Dollar General Expected to Make Hostile Bid for Family Dollar



Dollar General is preparing to go hostile with its $9.1 billion offer for Family Dollar, according to a person briefed on the matter.

The move, expected to be announced as early as Wednesday, would further complicate Family Dollar’s agreed deal to sell itself to Dollar Tree for $8.5 billion.

Already, Dollar General has made an offer to acquire Family Dollar for $80 per share, or $9.1 billion. Family Dollar rejected that offer last week, claiming the deal it agreed to with Dollar Tree had a better chance of passing muster with antitrust regulators.

But a hostile offer is likely to, at the very least, delay any deal between Family Dollar and Dollar Tree. And if Family Dollar shareholders disagree with their board, it could result in a Dollar General victory.

Dollar General was caught off guard when Family Dollar, a company it had long sought to acquire, agreed to sell itself to Dollar Tree this summer. Complaining that it was not given a fair chance to bid, Dollar General suggested that the decision not to engage in talks was motivated in part by the Family Dollar chief executive’s concerns about his job.

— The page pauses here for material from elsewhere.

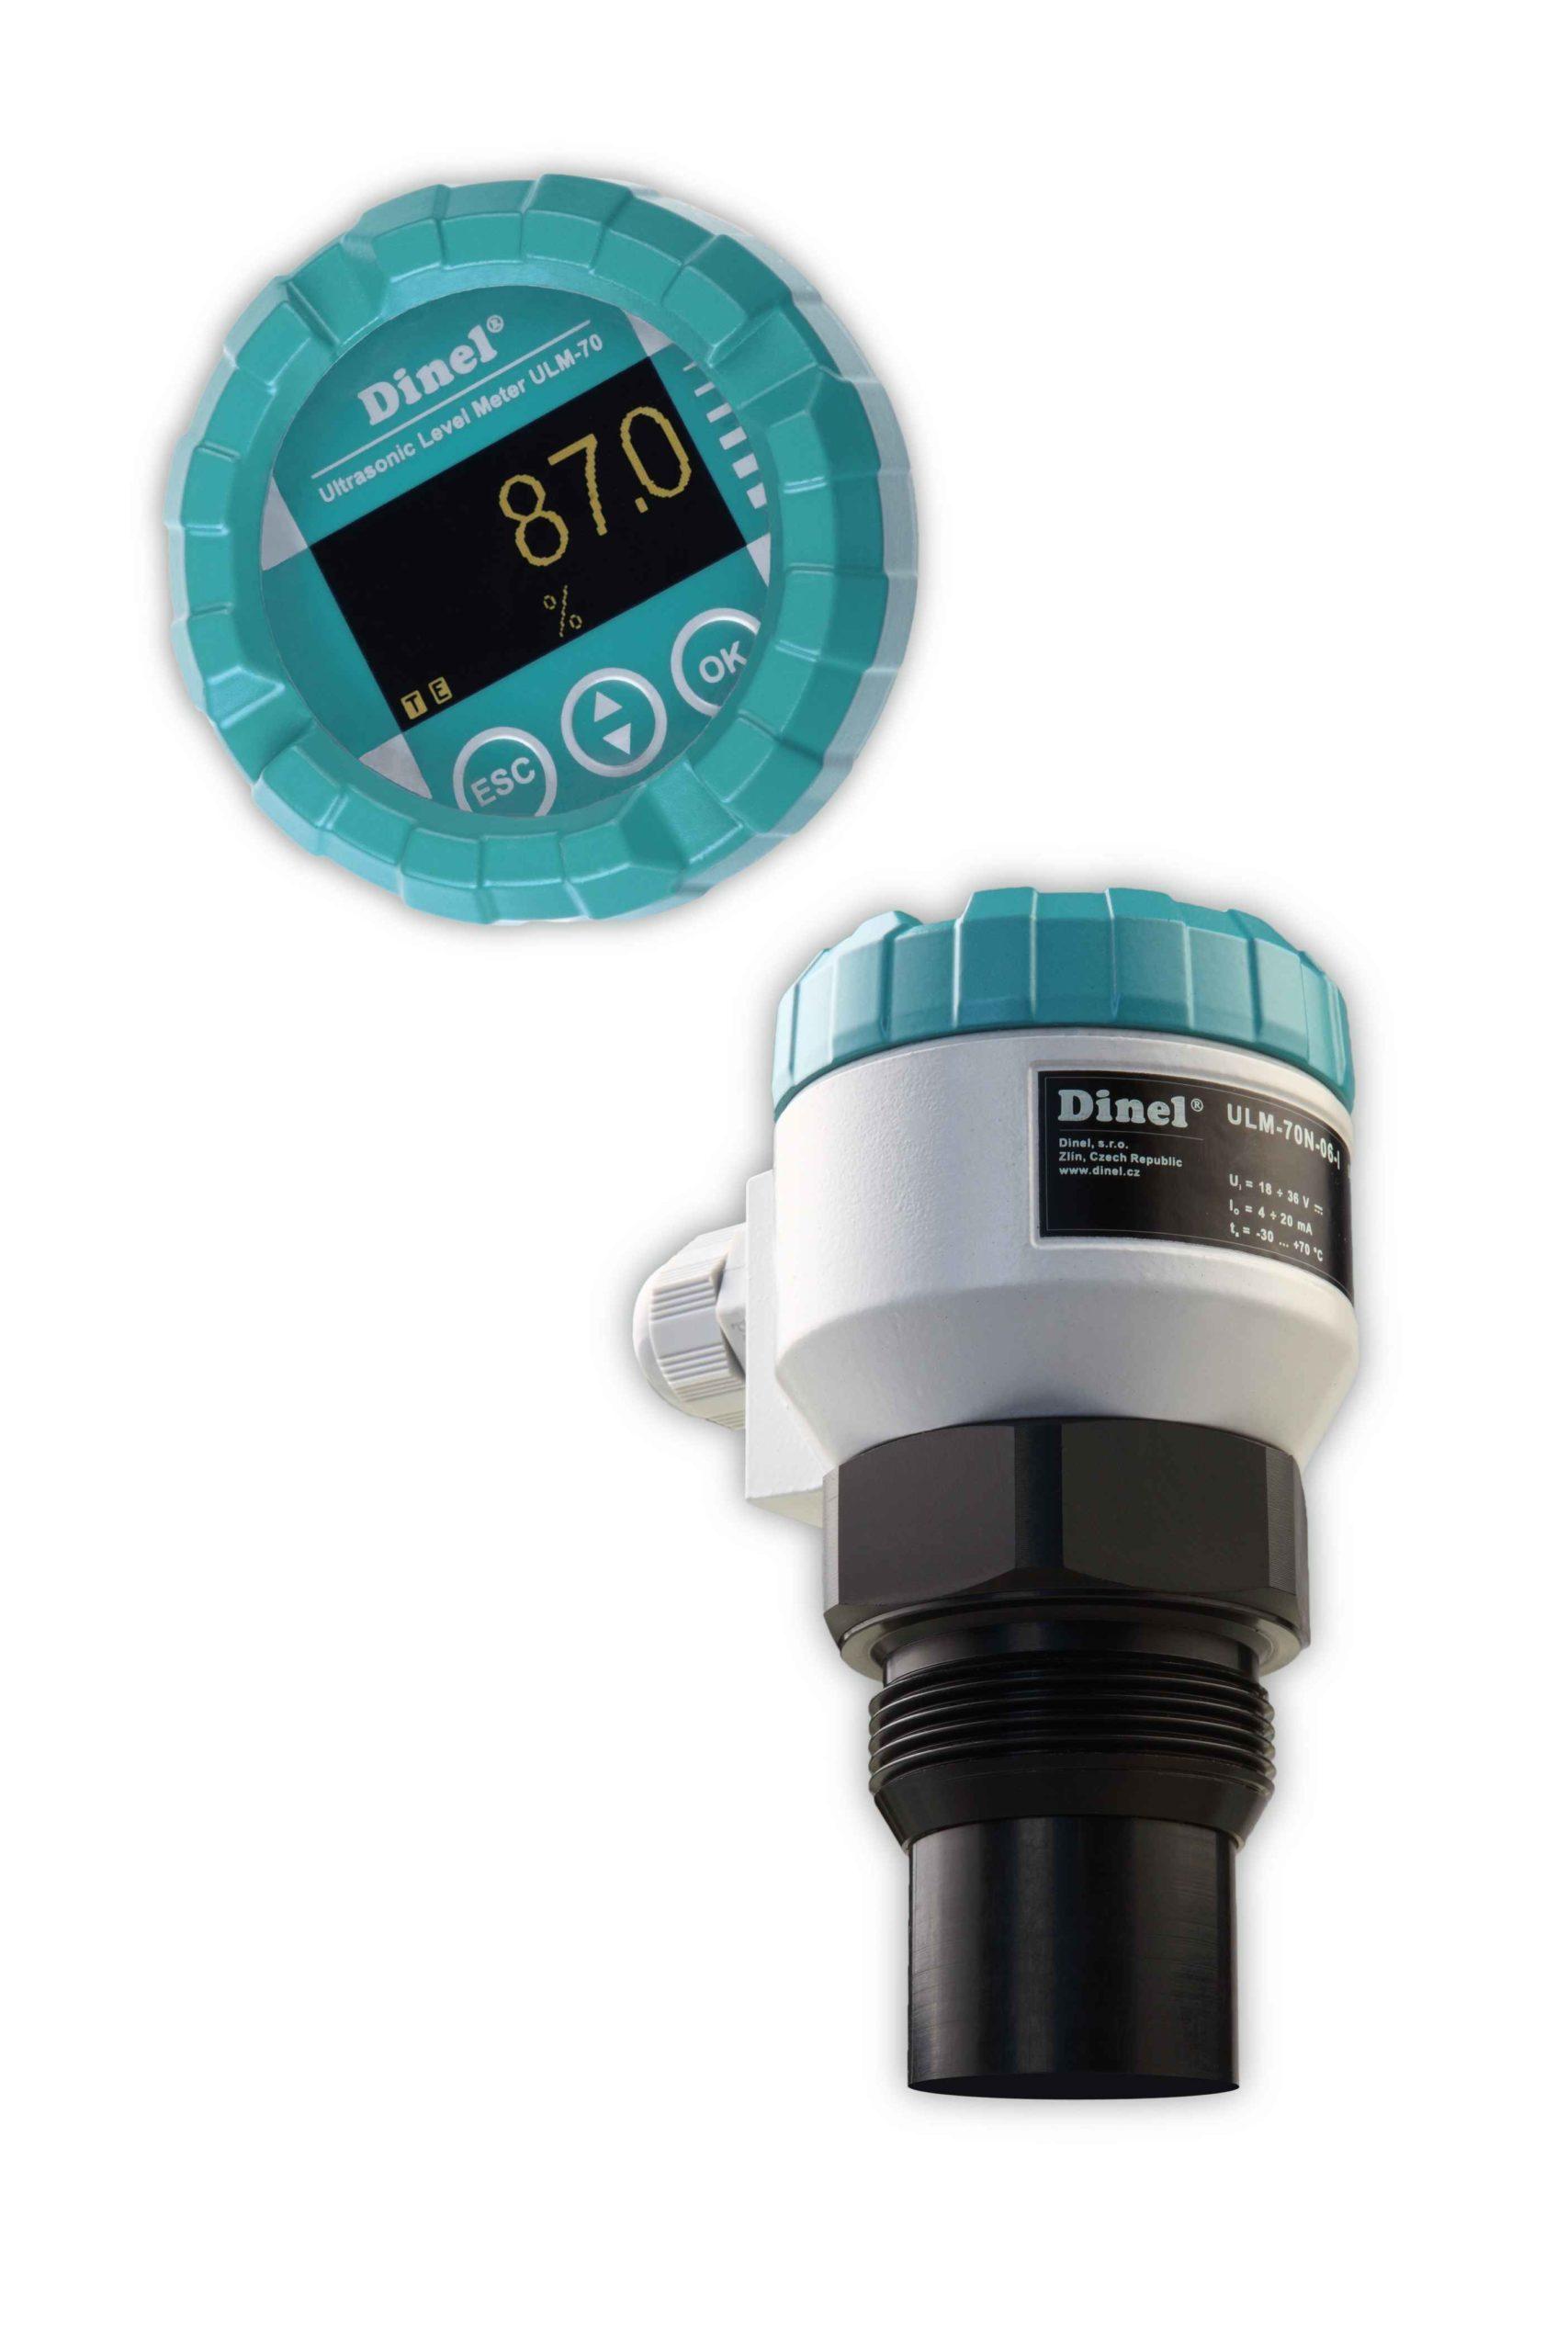 ULM-70 Ultrasonic Level Meter

But the board of Family Dollar, which includes Edward Garden, the chief investment officer of the hedge fund Trian Fund Management, has made it clear which deal it prefers. (Mr. Garden’s endorsement of the deal with Dollar Tree is notable because Trian is one of the biggest Family Dollar shareholders, and is looking to sell its shares at the highest possible price.)

Last week, Family Dollar and Dollar Tree went so far as to include a “hell or high water” clause, pledging to do whatever is necessary to clear the deal with regulators.

Dollar General has said it would sell up to 1,500 stores to win antitrust approval, but has not yet offered to include a “hell or high water” clause.

Further details of the hostile bid were expected as early as Wednesday. Reuters earlier reported that Dollar General was preparing to go hostile.